▶ WHAT NEEDS TO BE DONE:
An exact copy is needed of the lines from the one that contains "тираж 3000 экземпляров." through the final line of the data below, with pictures left out.

▶ SOURCE MATERIAL:
====================
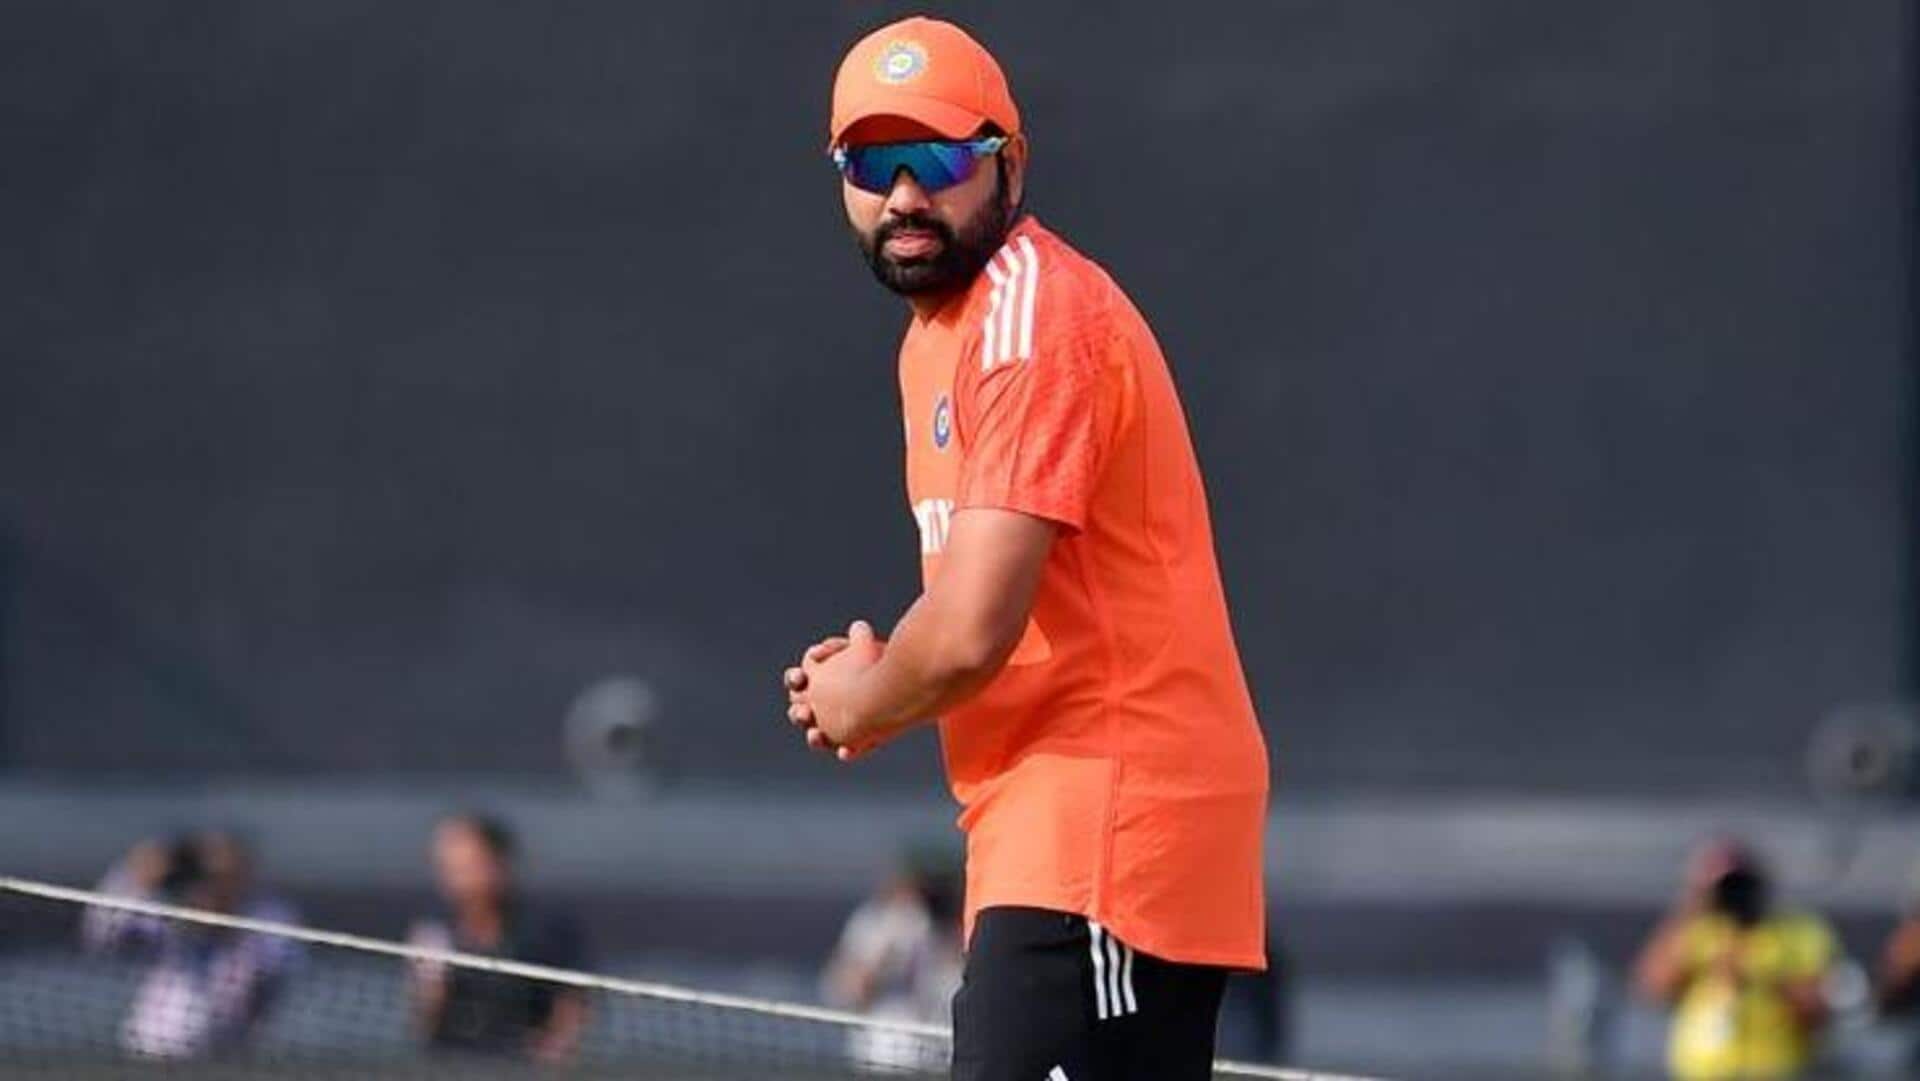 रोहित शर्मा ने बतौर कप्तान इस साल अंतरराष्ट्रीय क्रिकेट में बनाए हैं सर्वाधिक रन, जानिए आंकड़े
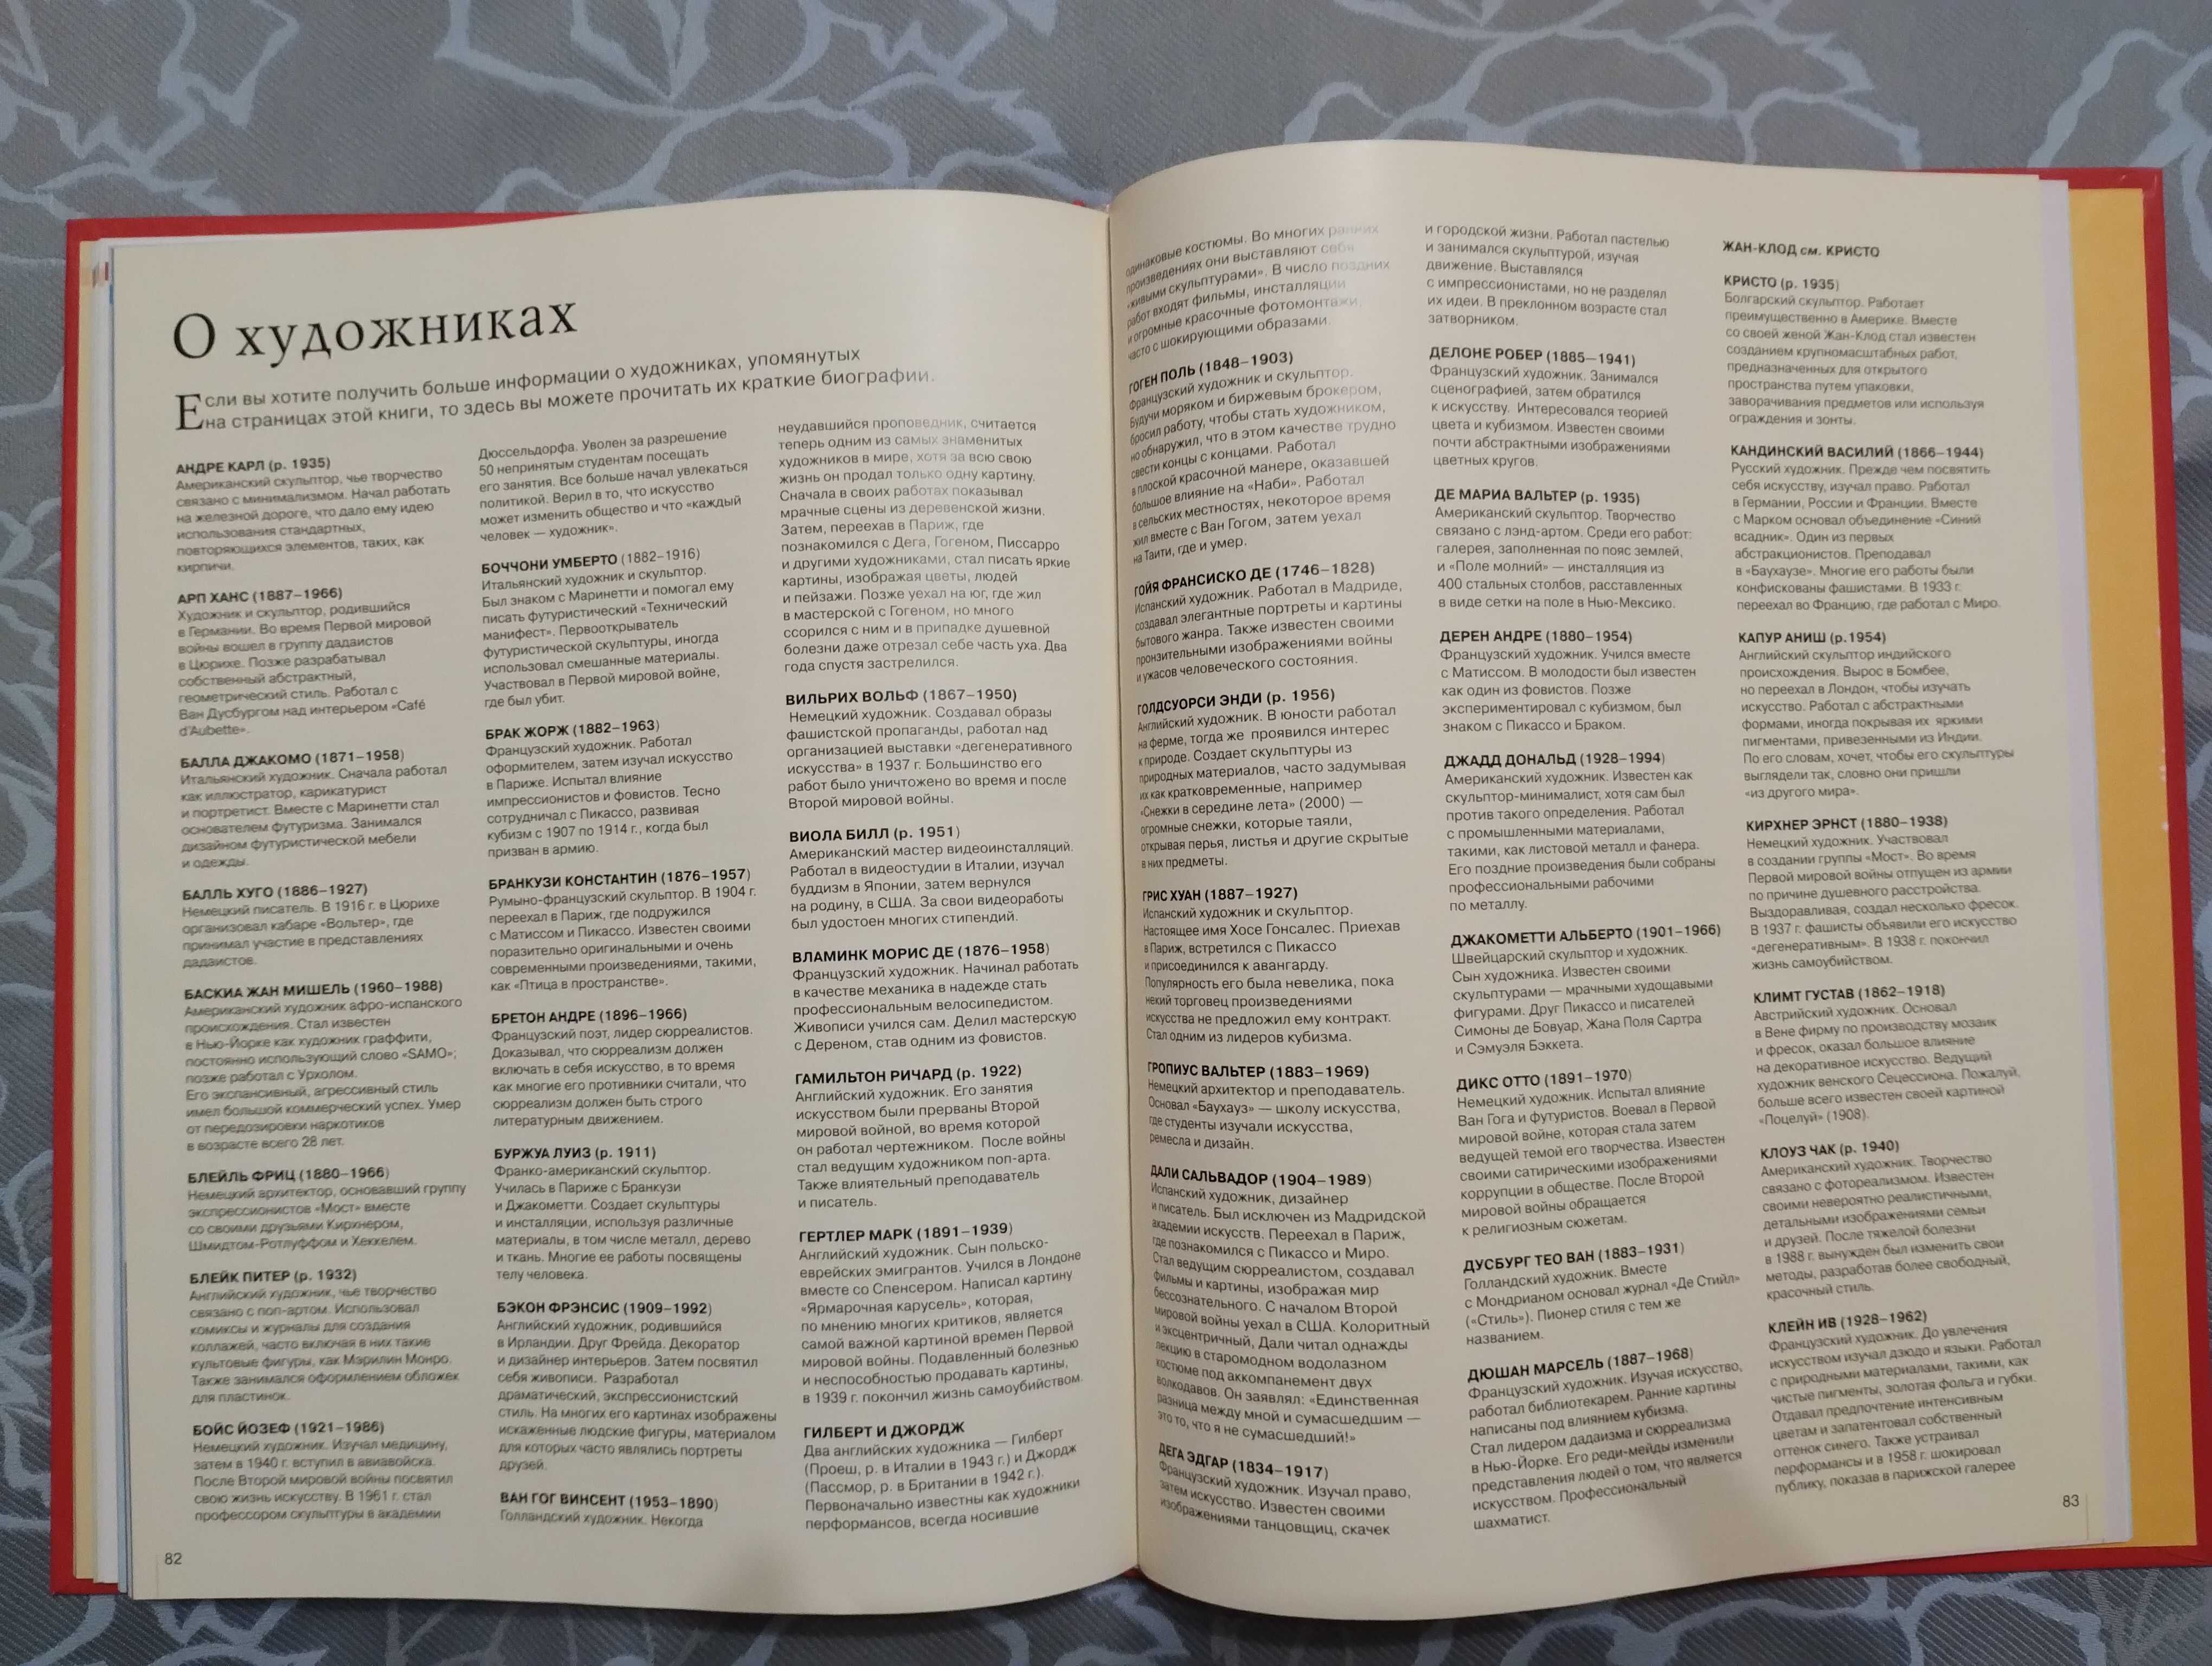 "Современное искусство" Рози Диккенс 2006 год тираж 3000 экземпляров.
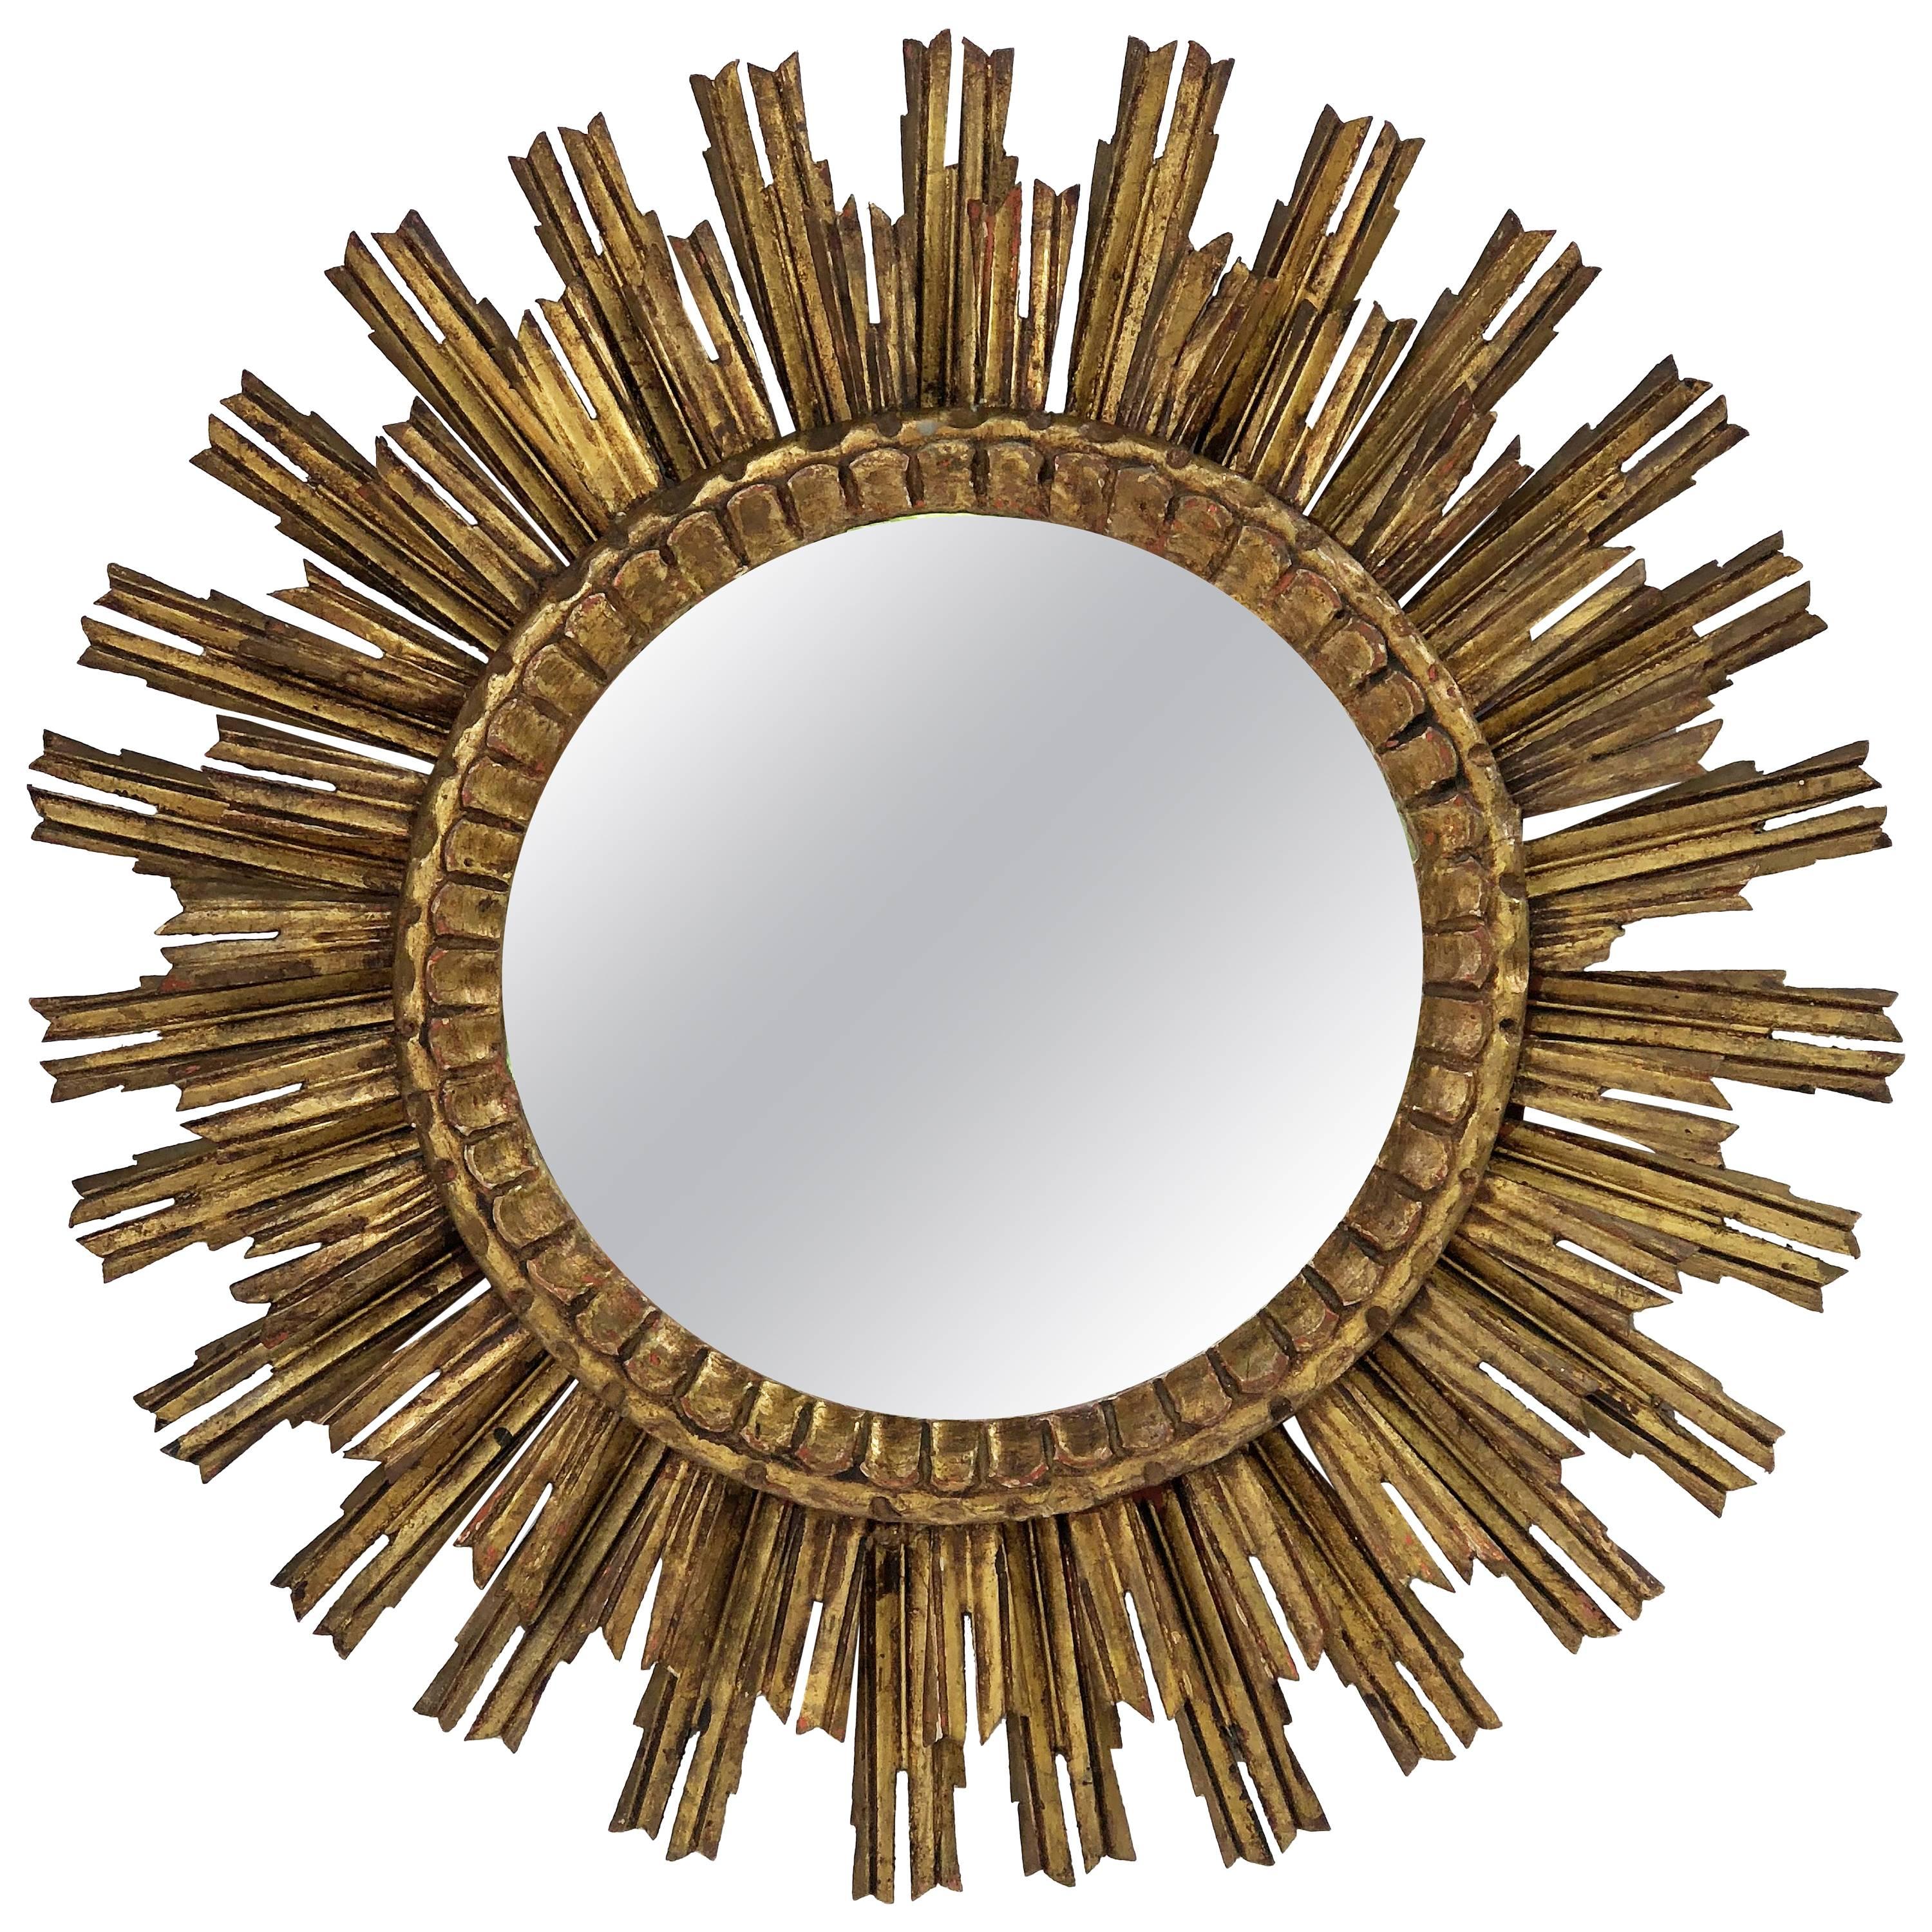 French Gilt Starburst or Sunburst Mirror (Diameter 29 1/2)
====================
▶ RESULT FOR THIS EXERCISE:
 "Современное искусство" Рози Диккенс 2006 год тираж 3000 экземпляров.
 French Gilt Starburst or Sunburst Mirror (Diameter 29 1/2)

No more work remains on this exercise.